Table_2_Understanding Gene Expression and Transcriptome Profiling of COVID-19: An Initiative Towards the Mapping of Protective Immunity Genes Against SARS-CoV-2 Infection.docx

The COVID-19 pandemic has created an urgent situation throughout the globe. Therefore, it is necessary to identify the differentially expressed genes (DEGs) in COVID-19 patients to understand disease pathogenesis and the genetic factor(s) responsible for inter-individual variability. The DEGs will help understand the disease’s potential underlying molecular mechanisms and genetic characteristics, including the regulatory genes associated with immune response elements and protective immunity. This study aimed to determine the DEGs in mild and severe COVID-19 patients versus healthy controls. The Agilent-085982 Arraystar human lncRNA V5 microarray GEO dataset (GSE164805 dataset) was used for this study. We used statistical tools to identify the DEGs. Our 15 human samples dataset was divided into three groups: mild, severe COVID-19 patients and healthy control volunteers. We compared our result with three other published gene expression studies of COVID-19 patients. Along with significant DEGs, we developed an interactome map, a protein-protein interaction (PPI) pattern, a cluster analysis of the PPI network, and pathway enrichment analysis. We also performed the same analyses with the top-ranked genes from the three other COVID-19 gene expression studies. We also identified differentially expressed lncRNA genes and constructed protein-coding DEG-lncRNA co-expression networks. We attempted to identify the regulatory genes related to immune response elements and protective immunity. We prioritized the most significant 29 protein-coding DEGs. Our analyses showed that several DEGs were involved in forming interactome maps, PPI networks, and cluster formation, similar to the results obtained using data from the protein-coding genes from other investigations. Interestingly we found six lncRNAs (TALAM1, DLEU2, and UICLM CASC18, SNHG20, and GNAS) involved in the protein-coding DEG-lncRNA network; which might be served as potential biomarkers for COVID-19 patients. We also identified three regulatory genes from our study and 44 regulatory genes from the other investigations related to immune response elements and protective immunity. We were able to map the regulatory genes associated with immune elements and identify the virogenomic responses involved in protective immunity against SARS-CoV-2 infection during COVID-19 development.

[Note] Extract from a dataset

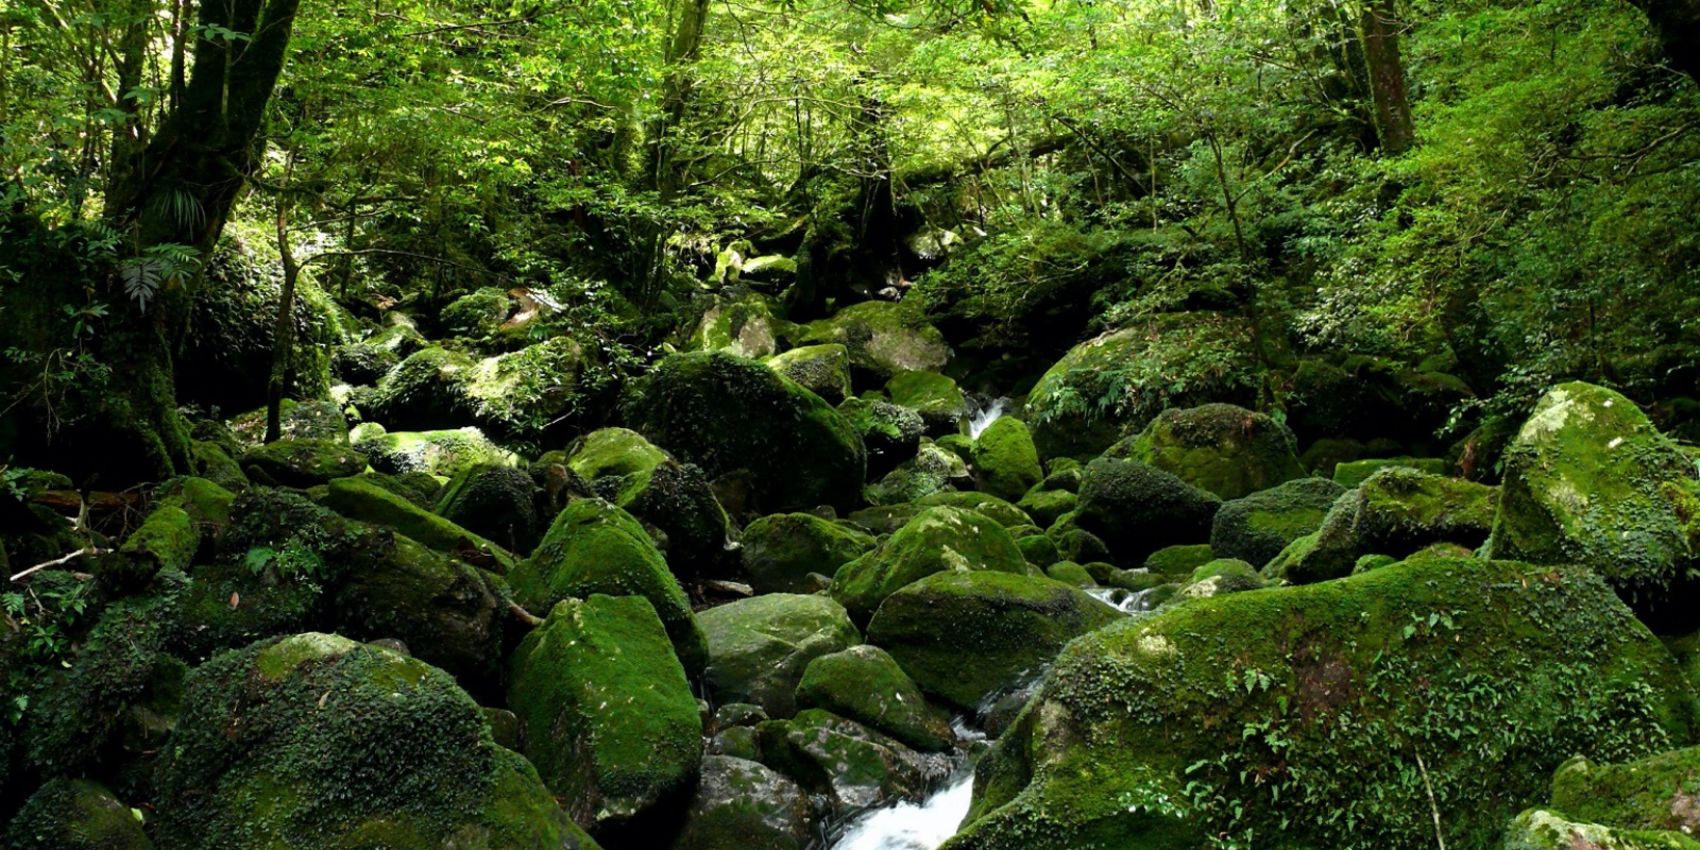 Yakushima - The Mystical Island
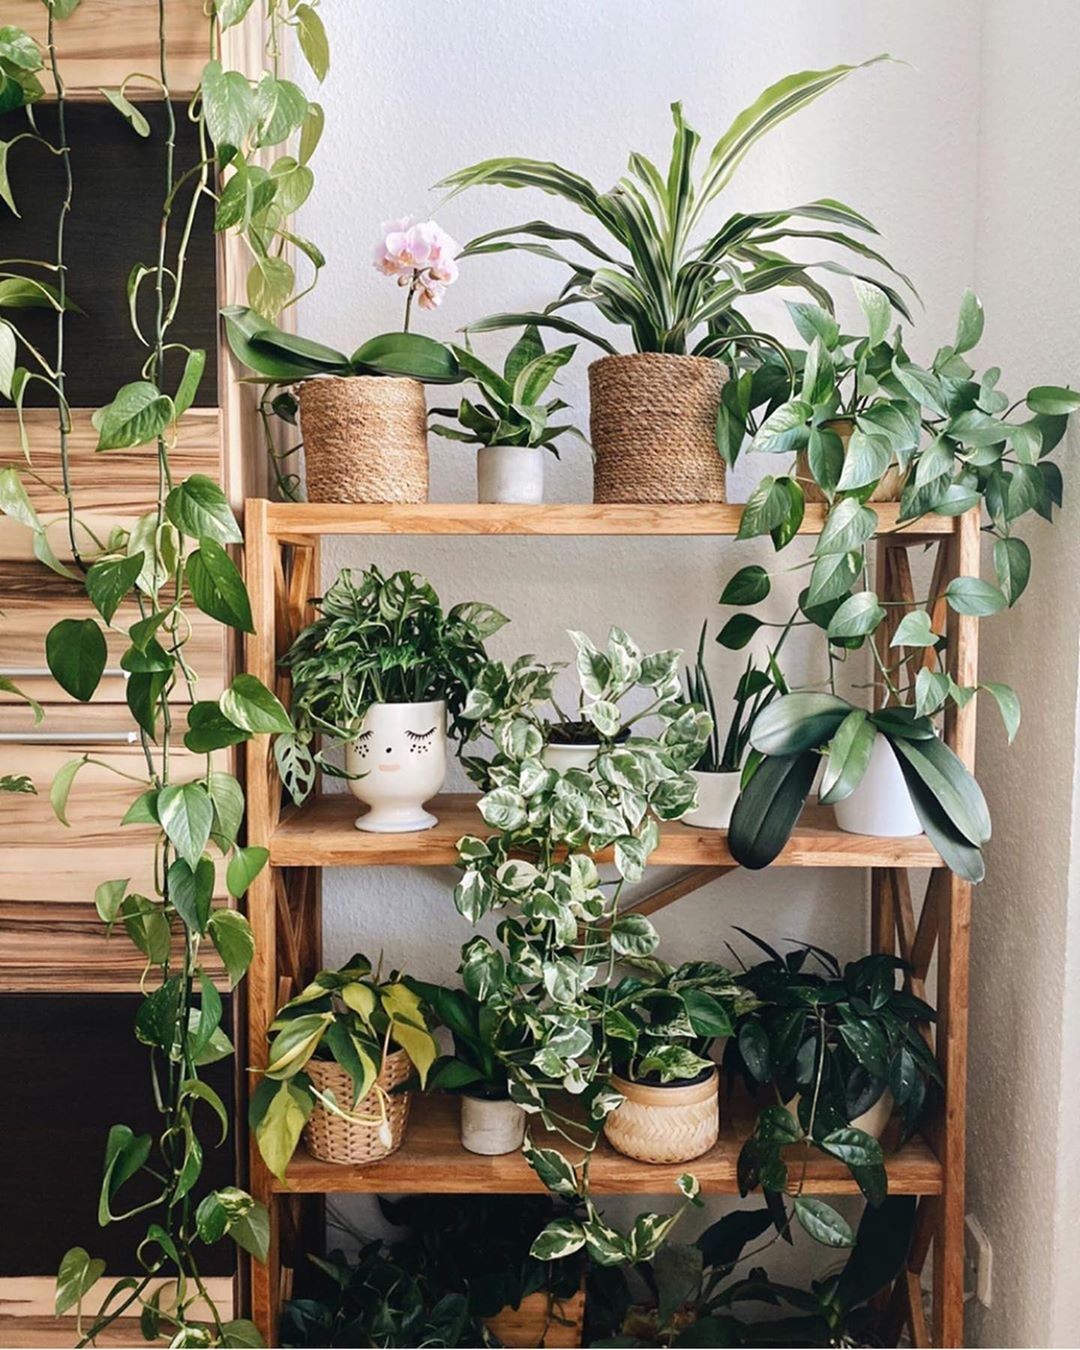 Jardim pequeno: ideias para ter plantas em casas ou apartamentos (Foto: Reprodução/Instagram/@intotheplants)

新冠疫情的全球大流行造成了紧迫的全球性局势。因此，识别 COVID-19 患者的差异表达基因（DEGs）对于理解疾病的发病机制以及导致个体间差异的遗传因子至关重要。这些 DEGs 将有助于揭示疾病潜在的分子机制和遗传特征，包括与免疫反应元件和保护性免疫相关的调控基因。本研究旨在确定轻症和重症 COVID-19 患者与健康对照者之间的 DEGs。本研究采用了 Agilent-085982 Arraystar 人类长链非编码 RNA V5 微阵列 GEO 数据集（GSE164805 数据集）。我们运用统计工具来识别 DEGs。我们的 15 人样本数据集被分为三组：轻症、重症 COVID-19 患者和健康对照志愿者。我们将我们的结果与三篇已发表的 COVID-19 患者基因表达研究进行了比较。除了显著的 DEGs 外，我们还开发了一个互作图、蛋白质-蛋白质相互作用（PPI）模式、PPI 网络的聚类分析和通路富集分析。我们还对来自其他三篇 COVID-19 基因表达研究的顶级基因进行了相同的分析。我们还确定了差异表达的长链非编码 RNA 基因，并构建了蛋白质编码 DEG-lncRNA 共表达网络。我们试图识别与免疫反应元件和保护性免疫相关的调控基因。我们优先考虑了最显著的 29 个蛋白质编码 DEGs。我们的分析表明，一些 DEGs 参与了互作图的构建、PPI 网络的形成和聚类，这与使用其他研究中的蛋白质编码基因获得的结果相似。有趣的是，我们发现六个长链非编码 RNA（TALAM1、DLEU2、UICLM CASC18、SNHG20 和 GNAS）参与了蛋白质编码 DEG-lncRNA 网络；这些可能作为 COVID-19 患者的潜在生物标志物。我们还从我们的研究中确定了三个调控基因，以及来自其他研究的相关于免疫反应元件和保护性免疫的 44 个调控基因。我们能够绘制与免疫元素相关的调控基因图谱，并识别出在 COVID-19 发展过程中对抗 SARS-CoV-2 感染涉及的病毒基因组反应。